Калигури Челия (Италия) Кристиансен Анна (Дания) Жиль и Мари Феди (Франция) Андрис и Ида Янсен (Голландия) Рихтер Эмма (Германия) Зенон не выходит на Аллею праведников, когда там проводят в окружении полицейских официальную делегацию. Он отсиживается ниже деревьев на голом каменистом склоне холма. Таков его уговор с полицией. При делегациях не появляться. А к отдельным туристам может приставать сколько хочет. Израиль — свободная страна, и попрошайничать законы не воспрещают.
У Зенона нееврейское лицо. Он — поляк. Чистокровный. Блондин с выцветшими голубыми глазами и обожженной на солнце и сморщенной от сухости кожей. В первые годы его нос и лоб багровели и шелушились от южного солнца, как молодой картофель. А теперь кожа пропеклась, стала темно-коричневой. Завитки нечесаных волос выгорели до белизны.
Киббуцная панамка, из синих и белых клиньев, съехала ему на нос, прикрыв глаза от прямых лучей солнца. Он сидит на ребристом камне. Спине и ягодицам даже через ткань горячо. Из-под края панамки сощуренные глаза следят через негустые кроны деревьев за цепочкой одетых в темные костюмы официальных гостей. Они удаляются, за ними и полицейские, и на аллее появляется болтливая и пестро одетая публика — туристы из Америки или Франции. Наметанный глаз Зенона определяет по их нескованному поведению, что это не христиане, а евреи.
Тогда он достает из-за камня почти пустую бутылку, разбалтывает остатки водки на дне и, выпив до конца, швыряет подальше. Затем встает с камня, критически морщась, смотрит на свои пропыленные и изношенные башмаки, подтягивает мятые штаны, все время норовящие сползти с его худых бедер, и тяжело шагает вверх, к аллее. Из нагрудного кармана выгоревшей армейской рубашки цвета хаки он без рук, запекшимися губами достает сигарету, перекатывает ее кончик в беззубом пустом рту, но не зажигает. Лучшее средство остановить туриста и завязать душевный разговор — попросить огоньку прикурить.

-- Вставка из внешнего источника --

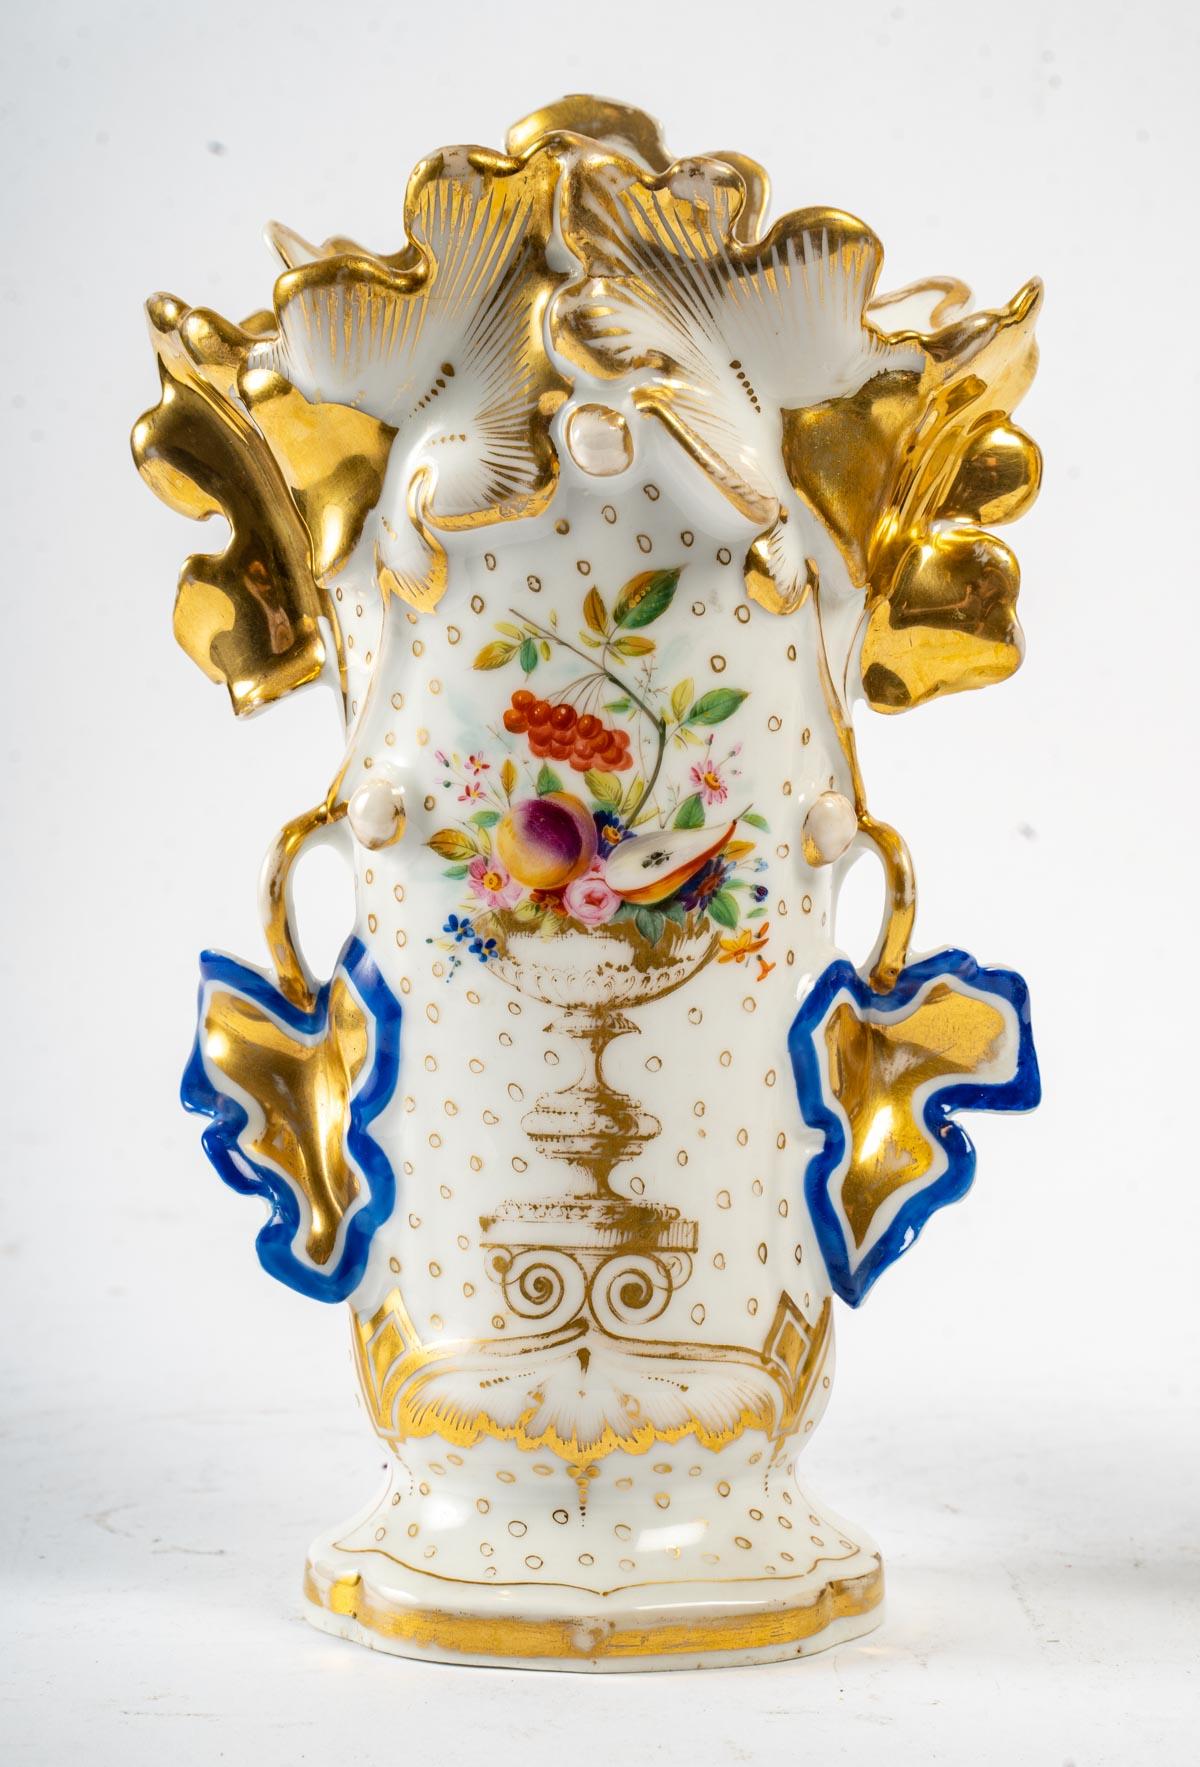 Pair of Paris porcelain vases, 19th century, 1880.
Measures: H: 27 cm, W: 16 cm, D: 11 cm.

Пустая бутылка, брошенная Зеноном, долго скатывается по каменным уступам, не разбиваясь, а лишь издавая приглушенный звон.
— Здравствуйте, дорогие гости, — сняв с полысевшего темени киббуцную панамку и галантно взмахнув ею, будто в поклоне, до самой земли, обращается он к туристам по-английски. — Добро пожаловать на многострадальную землю Израиля.
Туристы, естественно, останавливаются, привлеченные и этим необычным приглашением, и всем обликом пожилого оборванца, никак не похожего на гида.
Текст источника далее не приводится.